## Exercise
Here, set down only the lines between the line that contains "Sugarhill Maggie Easy" and the final line of the material, both included, exactly as written. Skip the pictures.
*** Block opens ***
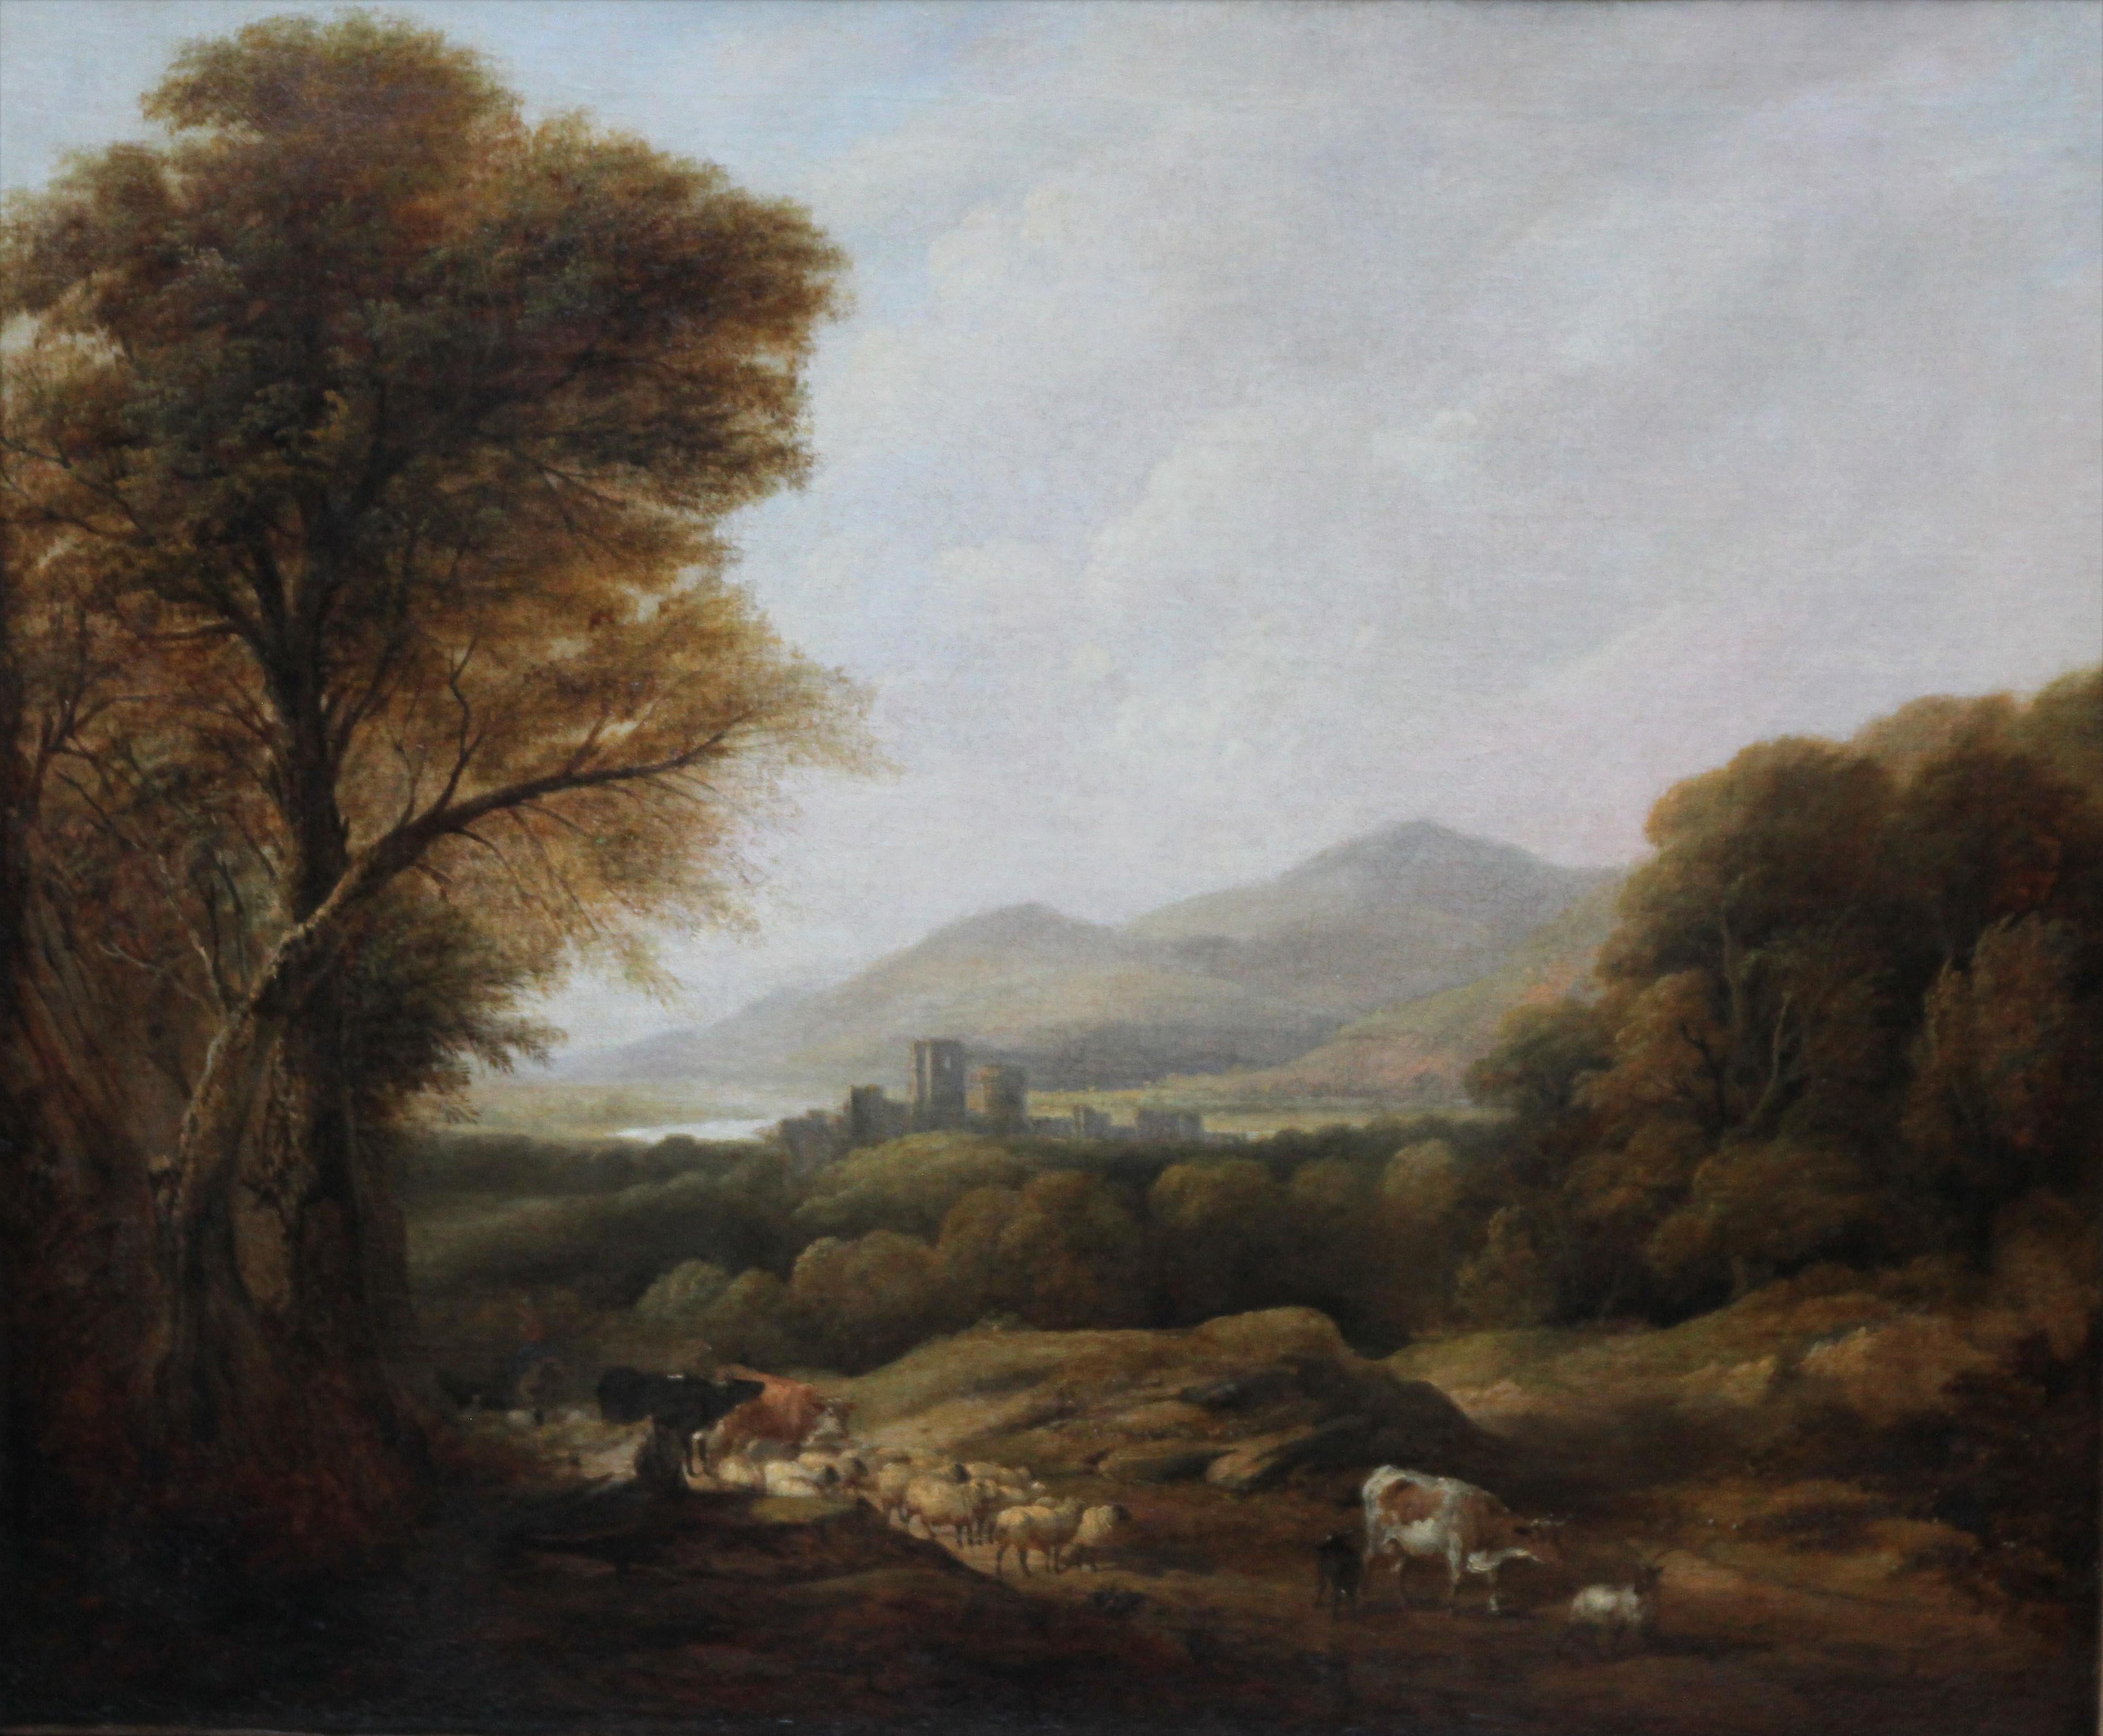 Cattle and Drover in a Landscape - British Victorian art landscape oil painting - Painting by Henry Jutsum 
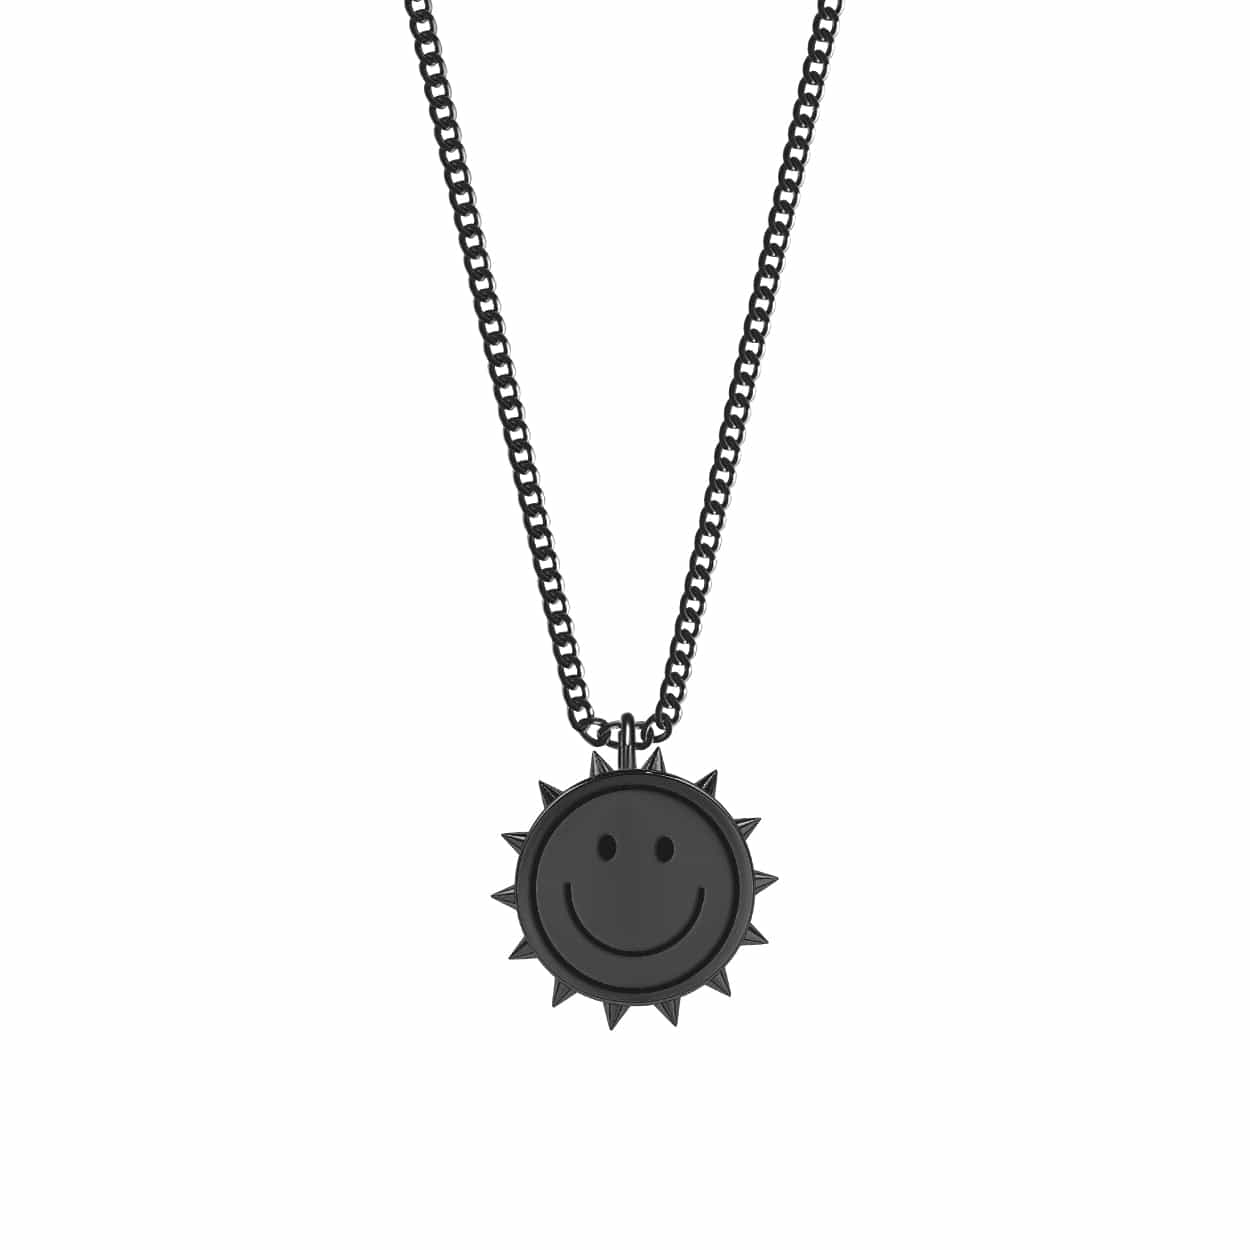 Mister x Cyberdreams A Day to Remember Necklace
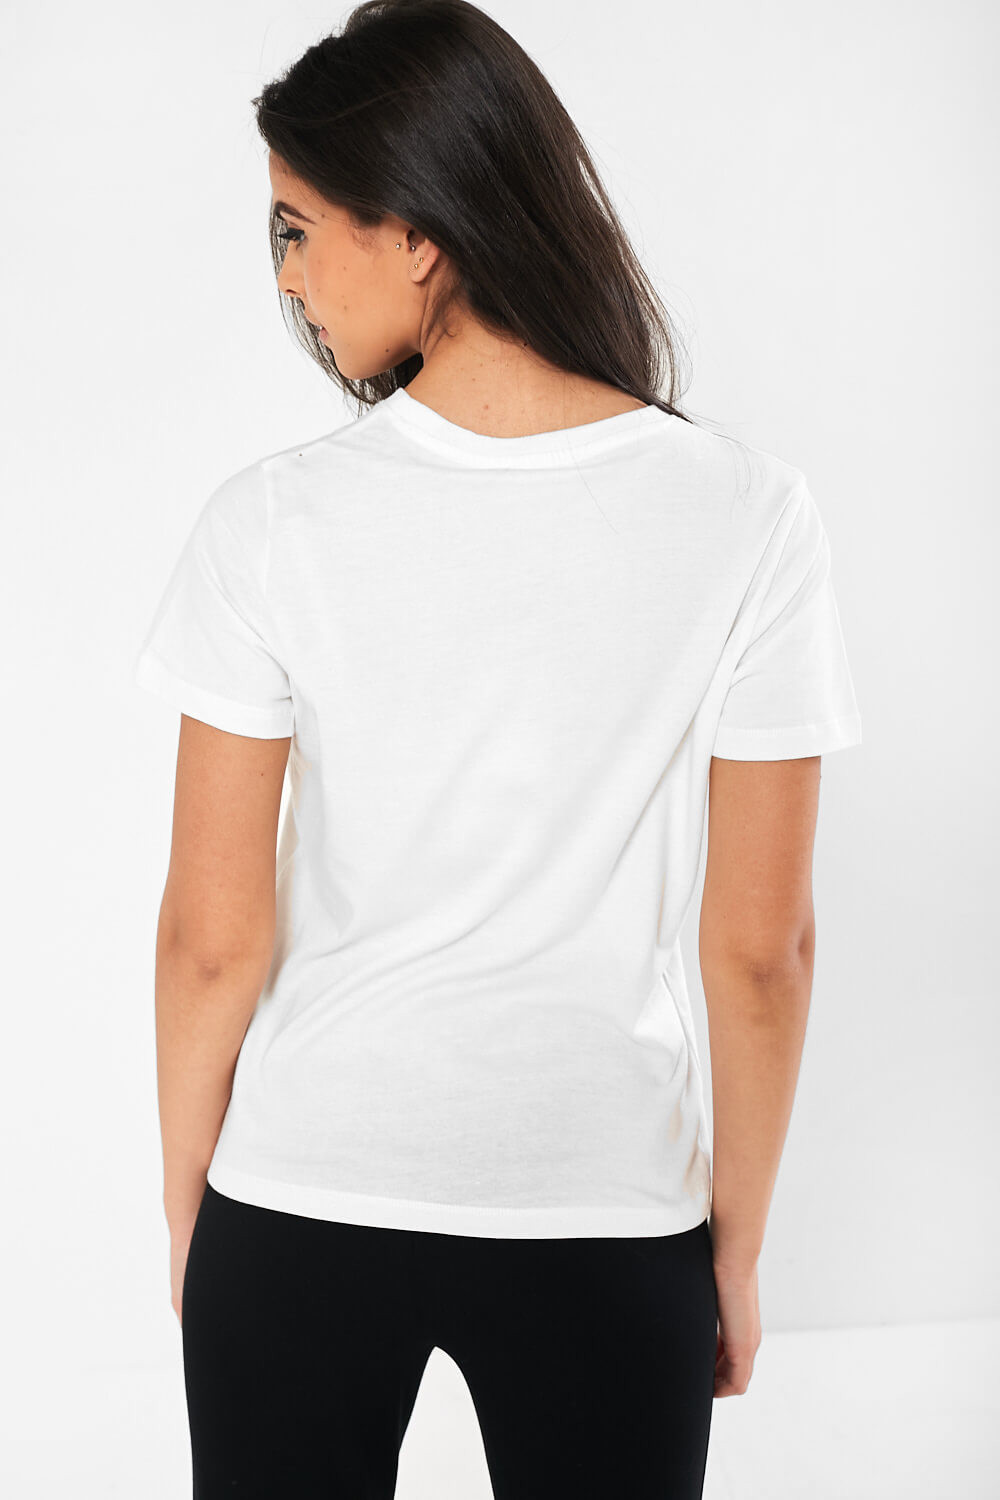 Sugarhill Maggie Easy Tiger Slogan T-shirt in White | iCLOTHING
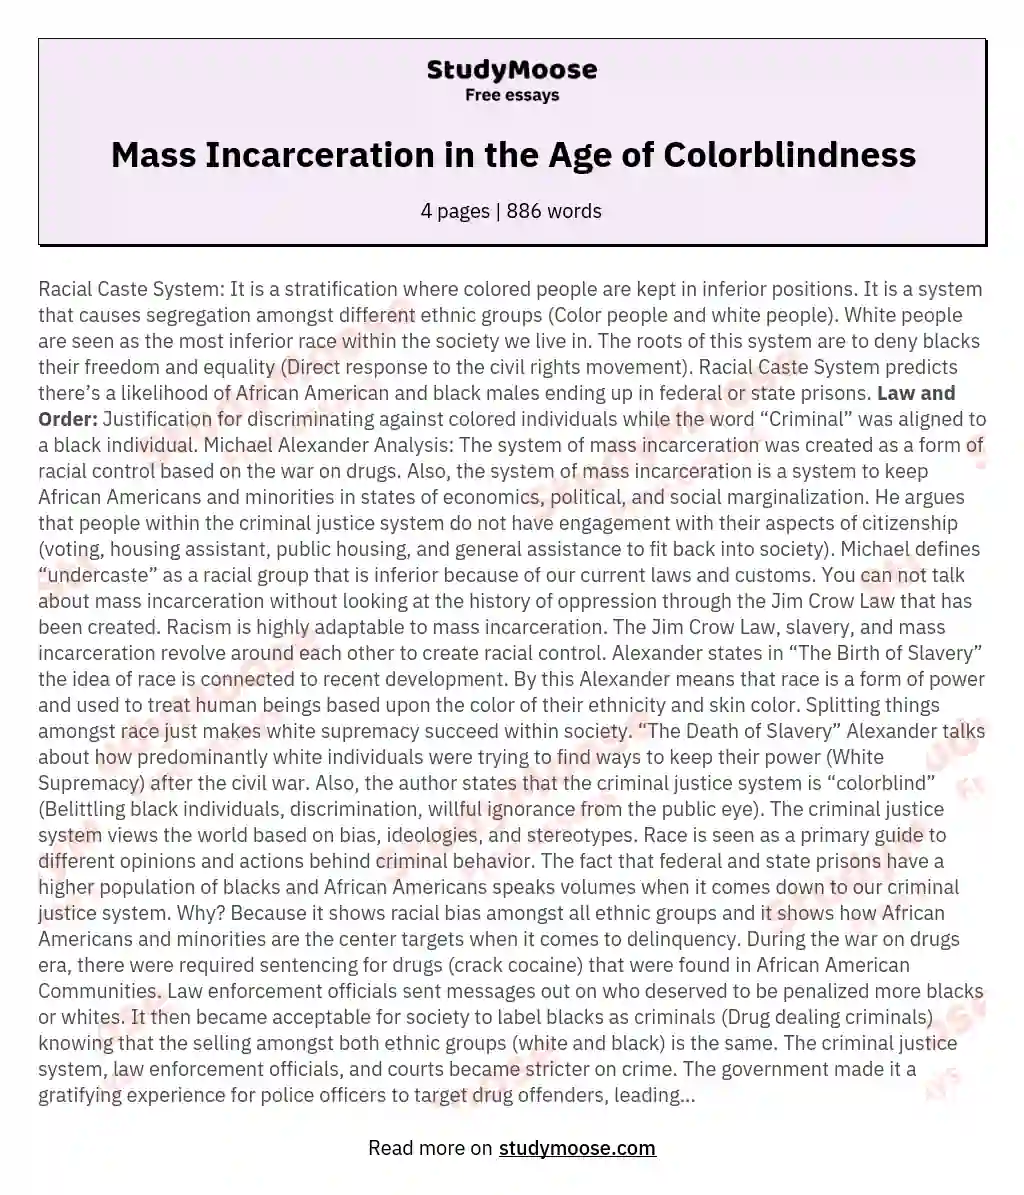 Mass Incarceration in the Age of Colorblindness essay
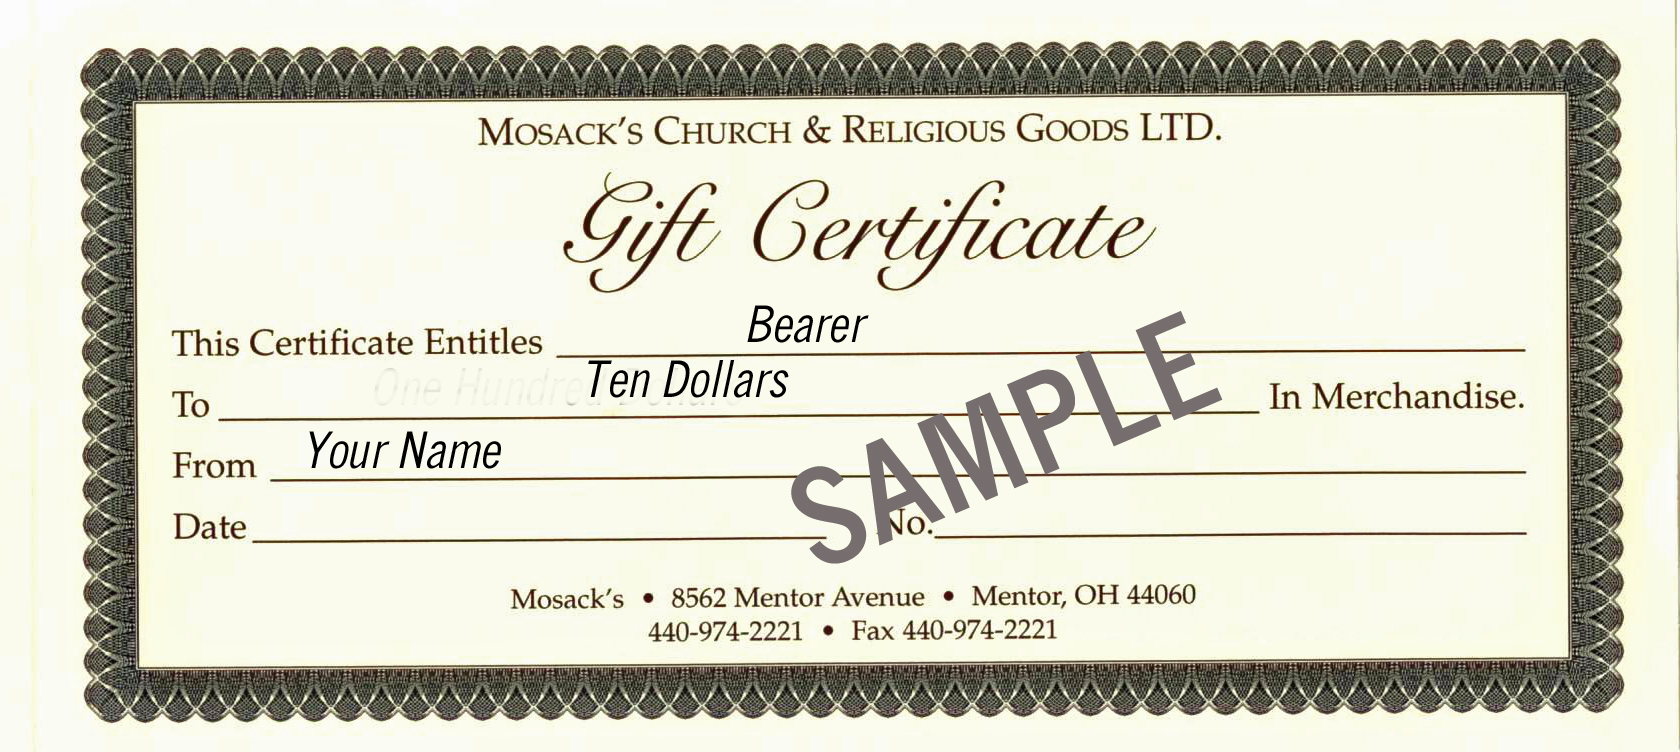 Gift Certificates at MOSACK'S
*** Block closes ***
## Output for this exercise
 Sugarhill Maggie Easy Tiger Slogan T-shirt in White | iCLOTHING
 Mass Incarceration in the Age of Colorblindness essay
 Gift Certificates at MOSACK'S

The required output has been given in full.